Regime Disciplinar, Penal e Civil e as Distinções que Definem Questões em Concursos
Primeiramente, vamos pontuar a importância do tema: “Responsabilização de Magistrados no Brasil”. A Operação Inauditus, deflagrada pela Polícia Federal em 1º de abril de 2026, afastou dois desembargadores do Tribunal de Justiça do Maranhão investigados por venda de decisões judiciais, lavagem de dinheiro e organização criminosa. As medidas foram autorizadas pelo STJ, que detém competência para processar e julgar desembargadores estaduais. Em paralelo, o TJMA editou atos de afastamento e exonerou servidores comissionados.
O caso reacende uma dúvida clássica em concursos de carreiras jurídicas: como funciona, de fato, a responsabilização de juízes no Brasil?
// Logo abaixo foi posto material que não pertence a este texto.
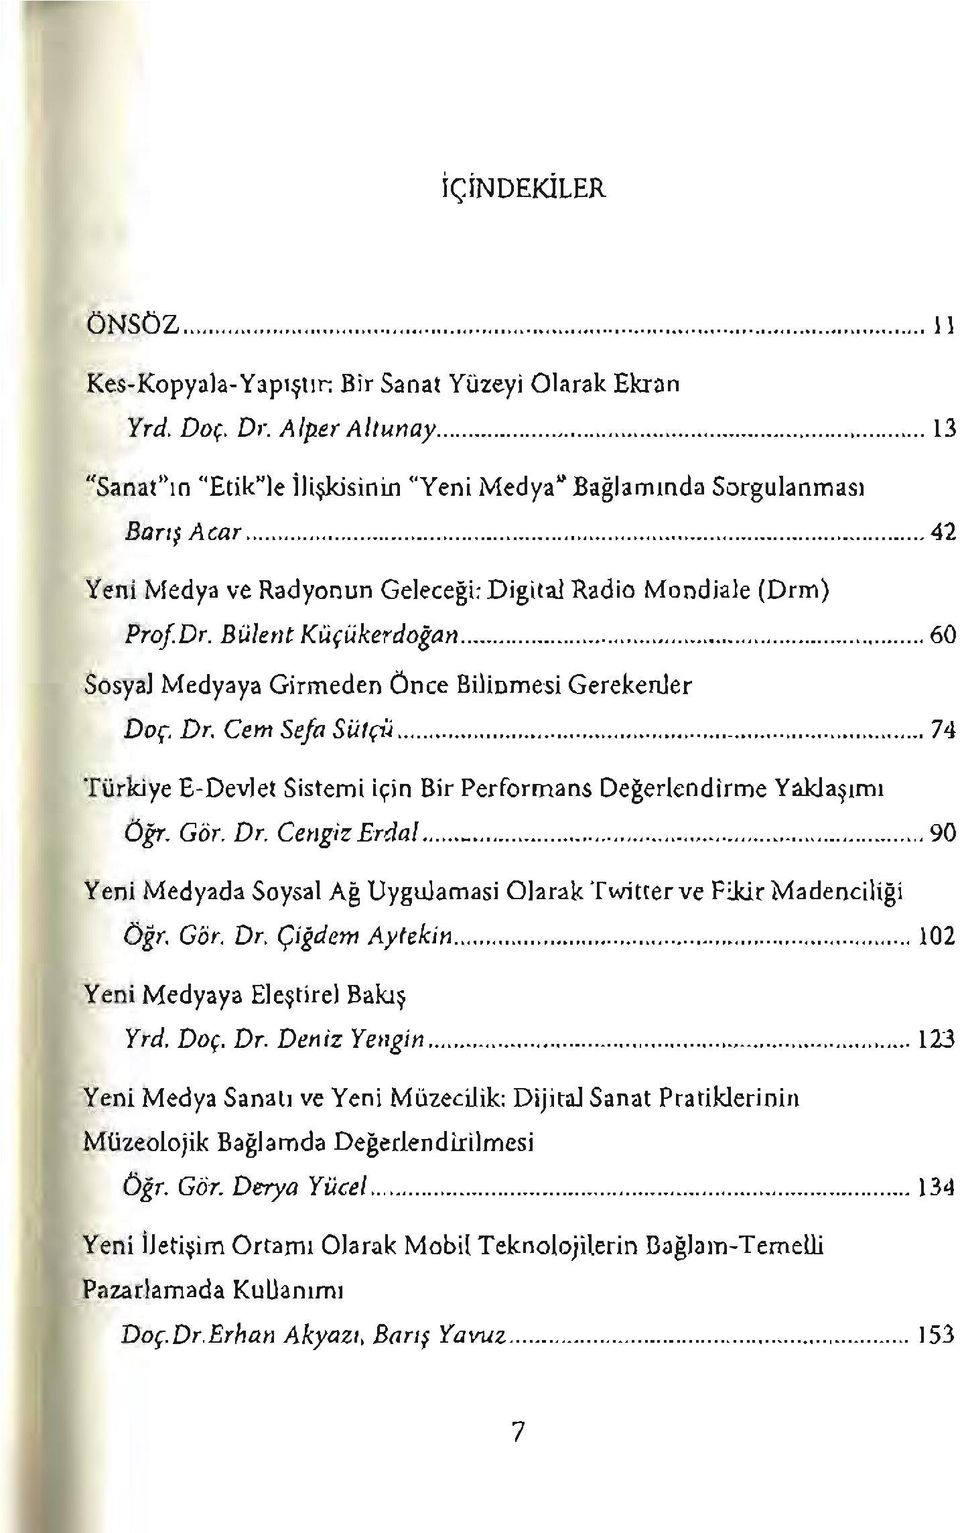 .. 74 Türkiye E-Devlet Sistemi için Bir Performans Değerlendirme Yaklaşımı Öğr. Gör. Dr. Cengiz Erdal... 90 Yeni Medyada Soysal Ağ Uygulamasi Olarak Twitter ve Fikir Madenciliği Öğr. Gör. Dr. Çiğdem Aytekin.

Quem julga, quem afasta, quais são as penas e qual a diferença entre o regime disciplinar, o penal e o civil?
Neste artigo, você vai compreender as três esferas de responsabilidade do magistrado e como se articulam entre si, dominar o regime de garantias constitucionais e entender por que a vitaliciedade não é escudo absoluto, conhecer as penas disciplinares previstas na LOMAN e os pressupostos para cada uma, entender a competência do STJ para processar desembargadores estaduais, e dominar o debate ainda aberto sobre os limites do foro por prerrogativa de função quando o crime não tem relação com o cargo. Preparado? Vamos direto ao ponto.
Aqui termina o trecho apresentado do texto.